设计、设置和参与者:这项基于社区的回顾性队列研究使用了明尼苏达州奥尔姆斯特德县罗切斯特流行病学项目的数据,该数据来自2005年1月1日至2017年12月31日期间至少进行过2次空腹血糖(FPG)测量的44992人。在首次FPG测量时或之前符合糖尿病标准的人被排除。数据于2019年12月通过电子方式检索,并于2024年11月完成分析。
暴露因素为基线FPG水平,协变量包括电子健康记录中持续记录的以下指标:体重指数(BMI)、年龄和性别。
使用Kaplan-Meier曲线估计并以图形方式呈现无糖尿病的累积概率。多变量Cox比例风险回归模型用于估计感兴趣变量的部分风险比(HR)。糖尿病定义为FPG水平大于125mg/dL。

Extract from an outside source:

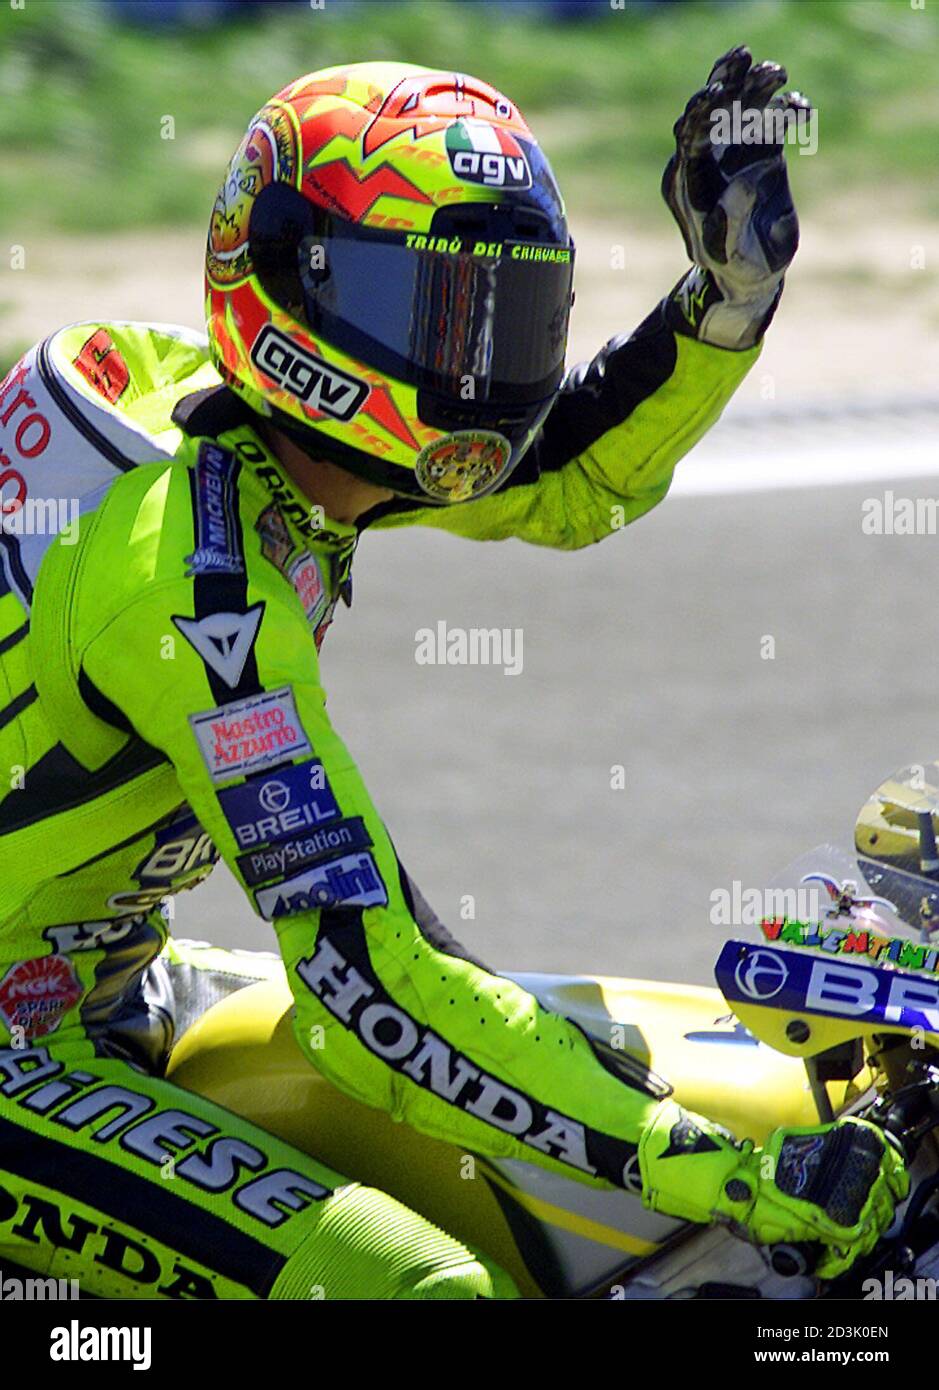 Italian 500cc rider Valentino Rossi rides waving after setting the third  position at the Estoril Grand Prix September 3, 2000. Valentino Rossi set  the third place in a time of 48 minutes

共纳入44992人(基线时平均[标准差]年龄为43.7[11.8]岁;26025名女性[57.8%])。基线时平均(标准差)BMI为28.9(6.6)。在中位随访6.8年(四分位间距,3.6 - 9.7年)期间,3879人(8.6%)发展为糖尿病。Kaplan-Meier法得出的10年糖尿病累积发病风险为12.8%(95%CI,12.4% - 13.2%)。所有初始FPG水平不在80至94mg/dL范围内均与糖尿病风险增加相关(即FPG<70mg/dL:HR,3.49[95%CI,2.19 - 5.57];FPG 120 - 125mg/dL:HR,12.47[10.84 - 14.34])。其他独立风险因素包括男性(HR,1.31[95%CI,1.22 - 1.40])、年龄较大(≥60岁:HR,1.97[95%CI,1.71 - 2.28])以及BMI的任何异常类别,包括体重过轻(BMI<18.5:HR,2.42[95%CI,1.77 - 3.29];BMI≥40:HR,4.03[95%CI,3.56 - 4.56])。变量之间存在显著的相加关联,特别是FPG水平和BMI。例如,一名5至59岁、BMI为18.5至24.9且FPG水平为95至99mg/dL的女性,估计10年糖尿病风险为7.0%。然而,如果BMI为30.0至34.9,风险几乎翻倍至13.0%,如果FPG水平也升至105至109mg/dL,风险则再次翻倍以上至28.0%。生成了一个列线图以方便将个体分类到四个10年风险类别之一。
这项对44992人的回顾性队列研究表明,FPG水平、年龄、BMI和男性性别均与糖尿病的发生相关,这些变量之间存在显著相互作用。这些数据有助于理解糖尿病的临床进程,并突出了根据常见测量临床变量在糖尿病风险方面存在的个体差异。研究结果有助于采取生活方式和药物干预措施来治疗糖尿病高风险人群,以降低未来的发病率和死亡率。需要进一步开展工作以验证针对不同人群的这种风险分类工具。